Asia Bailout's Defenders Say U.S. Banks Suffer, Too

Despite accusations that the International Monetary Fund's intervention in Asia amounts to a bailout of reckless lenders, U.S. banks are expected to suffer substantial losses.

The IMF funds benefit U.S. banks indirectly, by preventing Asian borrowers from defaulting. But the banks will still have to write off some loans and restructure others at below-market interest rates.

For example, U.S. banks this month agreed to roll over $24 billion of short-term debt to Korean banks. In exchange, the Korean government is guaranteeing repayment at 2.25 percentage points above the London interbank offered rate for one-year loans, 2.5 points above Libor for two-year loans, and 2.75 points above Libor for three-year loans.

The banks are sacrificing hundreds of basis points in interest.

"We are not able to act simply out of what might be best for our own individual banks," a money-center banker said. "We are being asked to cooperate in an effort to stabilize the situation."

In addition, banks have been forced to increase their loan-loss reserves-a direct hit to their bottom lines. J.P. Morgan & Co. designated about $587 million of derivatives exposure to Asian counterparties as nonperforming, and its fourth-quarter earnings fell 35% from a year earlier.

What's more, the banks' regulators are more closely scrutinizing risk management systems to ensure they will protect the institutions from losses.

"Banks should be assessing their exposures and making appropriate adjustments to their loan-loss reserves," said Federal Reserve Board Governor Susan M. Phillips, who added that most banks with Asian exposure are prudently increasing reserves.

To be sure, without IMF intervention, many U.S. banks would have lost billions of dollars as banks and other borrowers in Korea, Indonesia, and Thailand defaulted.

Instead, the monetary fund and similar organizations have bolstered central banks' hard currency reserves. Korea alone has been pledged more than $57 billion in currencies such as U.S. dollars and Japanese yen.

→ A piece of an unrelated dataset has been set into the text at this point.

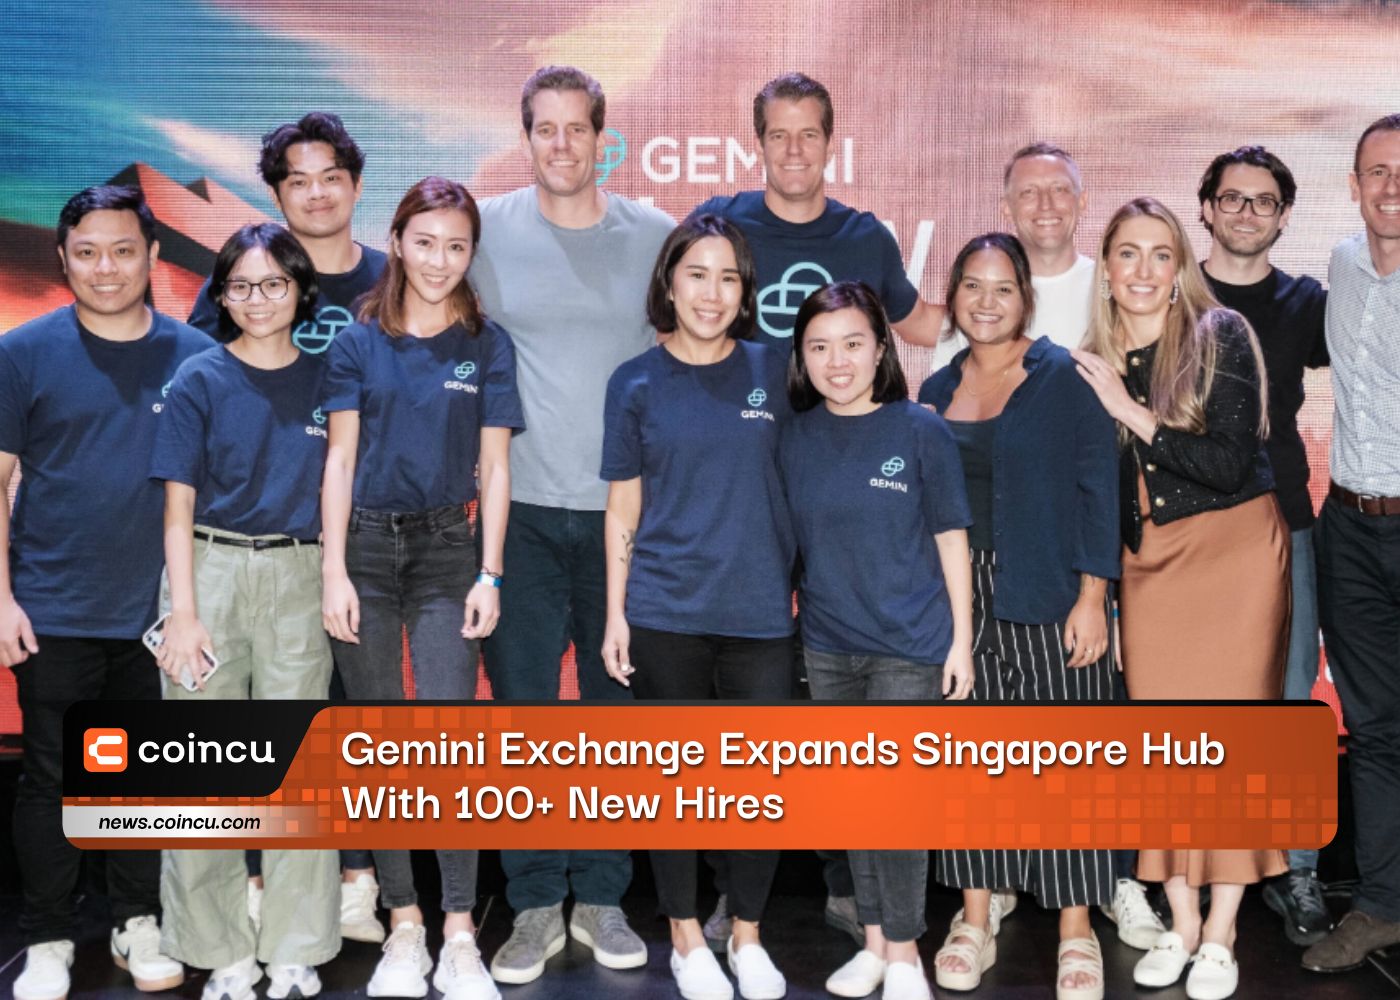 Gemini Exchange amplía su centro de operaciones en Singapur con más de 100 nuevas contrataciones

Using these reserves, foreign central banks can convert local currencies into U.S. dollars. Local companies can then use the dollars to repay dollar-denominated loans from U.S. banks.

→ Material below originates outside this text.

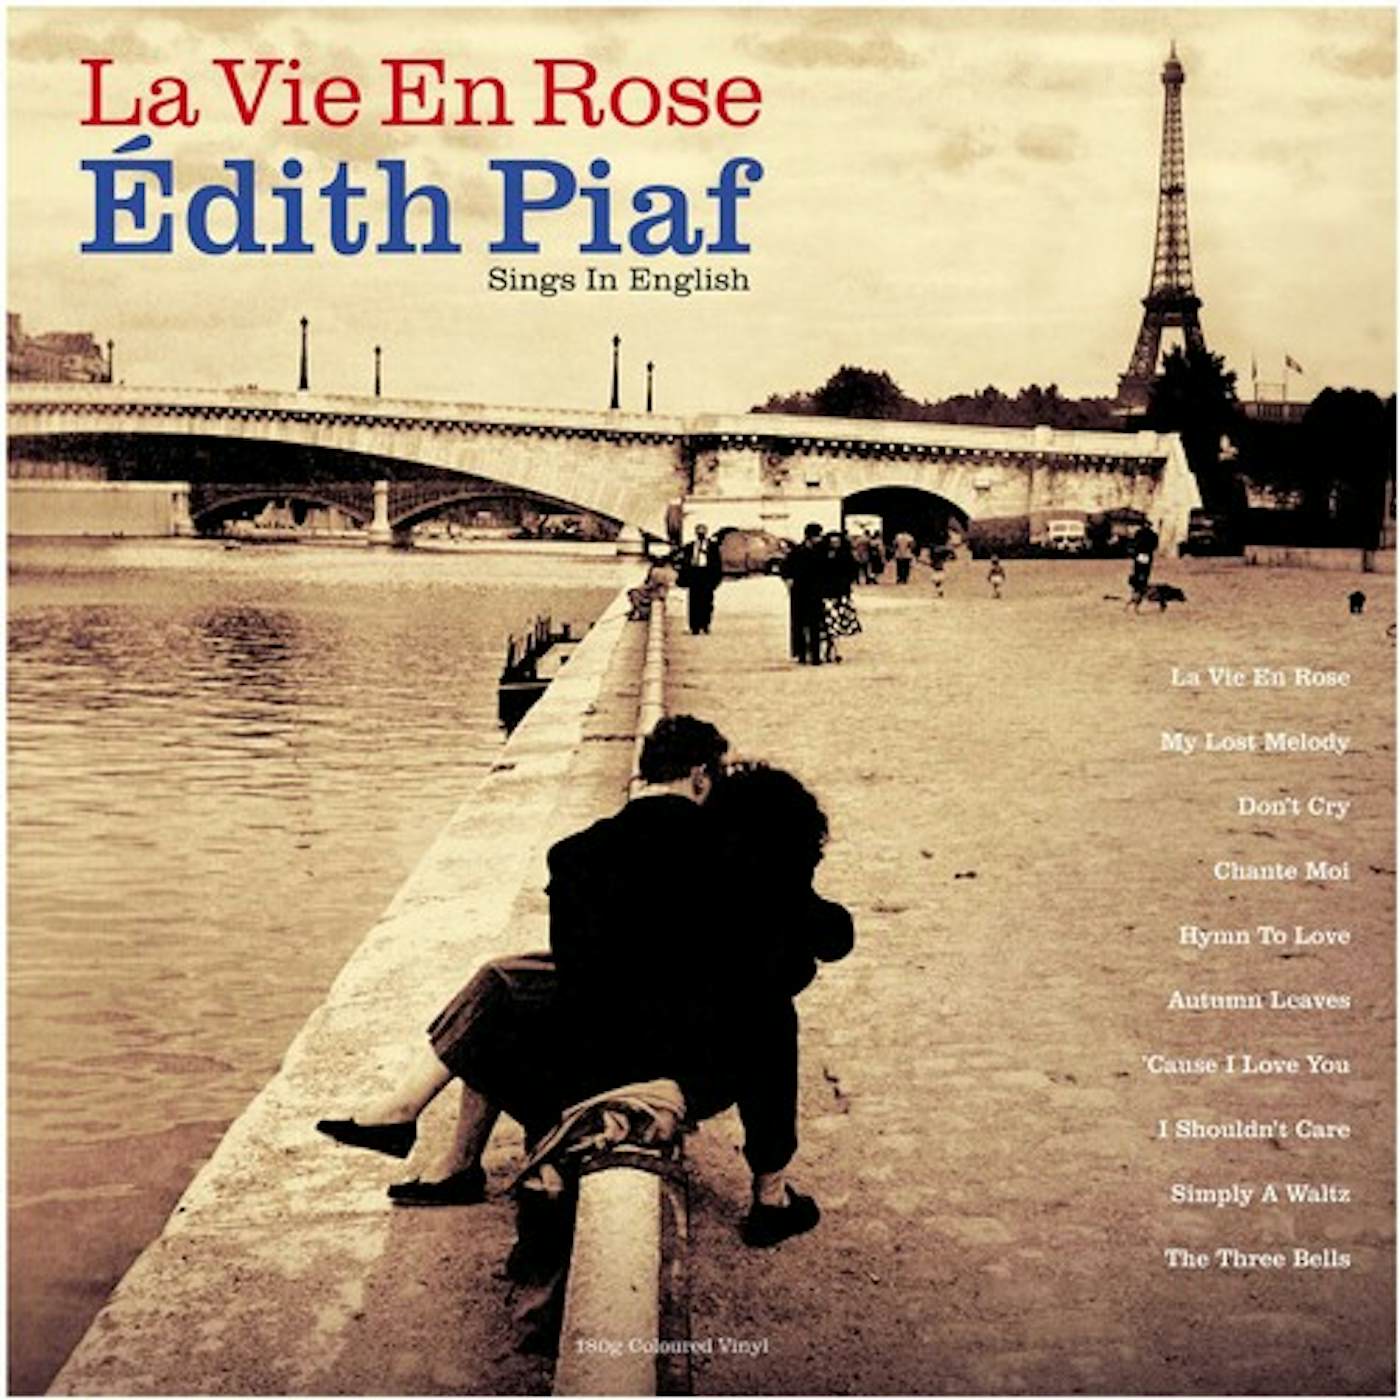 La Vie En Rose: Édith Piaf Sings In English Vinyl Record

Is this just a case of redirecting U.S. taxpayer dollars into U.S. bank coffers, as anti-IMF critics have charged?

"If we were to put a purple dye on the taxpayers' money that we are today sending these countries under the auspices of the IMF, the Wall Street fat cats will be walking around with purple pockets tomorrow," said Rep. Ron Paul, a Texas Republican on the House Banking Committee.

"This is not an Asia bailout," said John Gamboa, executive director of the San Francisco-based Greenlining Institute. "It is an American bank bailout."

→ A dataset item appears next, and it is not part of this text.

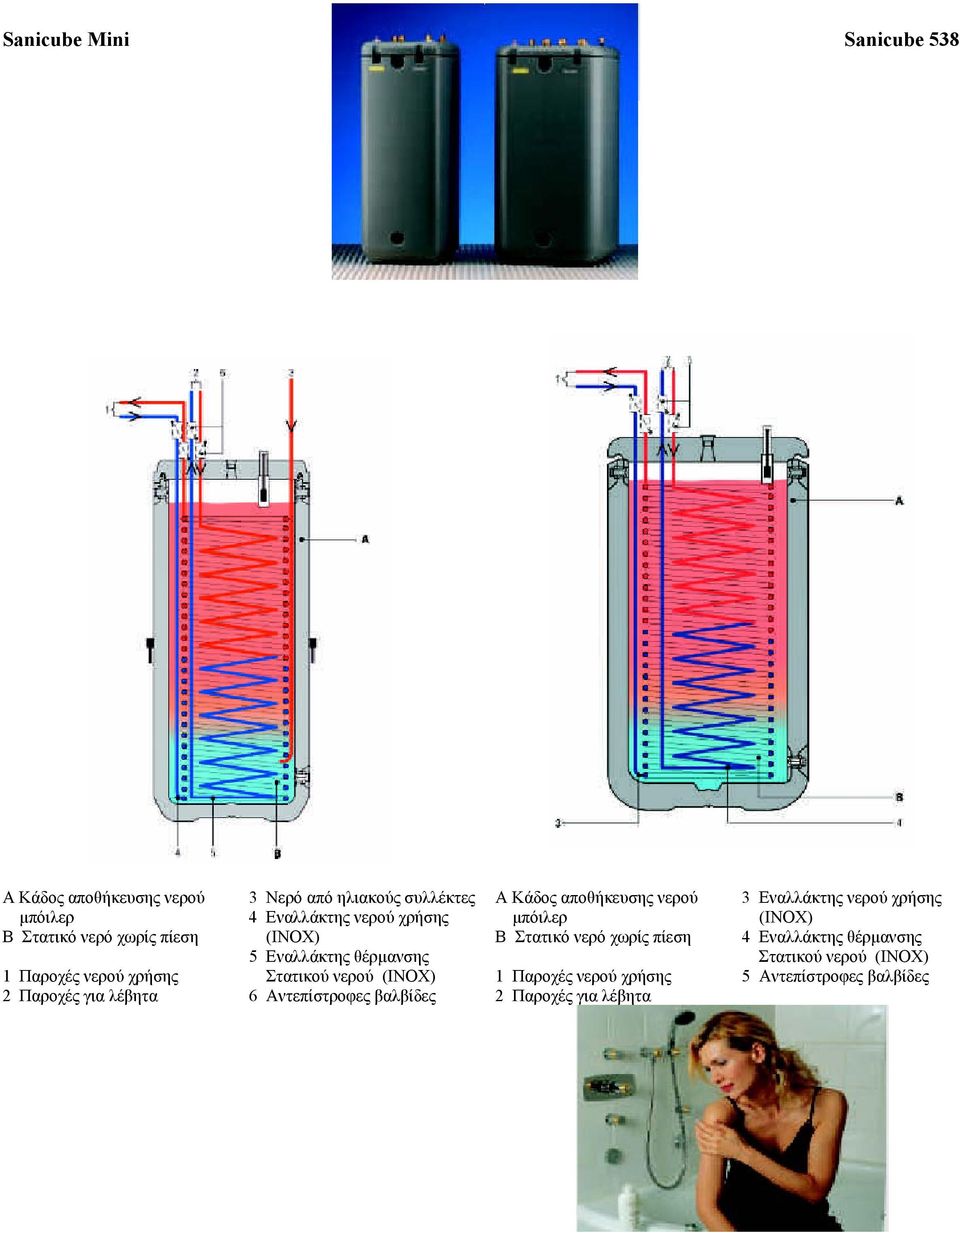 νερό χωρίς πίεση 4 Εναλλάκτης θέρµανσης 5 Εναλλάκτης θέρµανσης Στατικού νερού (INOX) 1 Παροχές νερού χρήσης Στατικού

Even Treasury Secretary Robert Rubin said in a recent speech that he would not be willing to give a "single nickel" to any bank with Asian loans. But he said the crisis is so severe that the United States must help, even if it means some lenders benefit.

"A byproduct of programs designed to restore stability and growth may be that some creditors will be protected from the consequences of their actions," Mr. Rubin said.

Other voices are rising to the defense of the aid strategy.

"To say this is simply a bailout of the banks is quite unfair," said a money-center banker involved in the Asia negotiations. "We are being asked to do our part. We are not monsters."

"The notion that this is just a bank bailout is incorrect," said Comptroller of the Currency Eugene A. Ludwig. "The IMF is not bailing out banks. They are stabilizing these economies."

Each side in this debate may be at least partially right.

"Are there elements of bailout to it? Sure," said Karen Shaw Petrou, president of the Washington consulting firm ISD/Shaw Inc. "This is a complicated and extremely undesirable situation.

"But the midst of a market panic is not the time to become profound about public policy. It is the time to simply act and do what the IMF and the U.S. government did. You need to prevent the panic from spreading."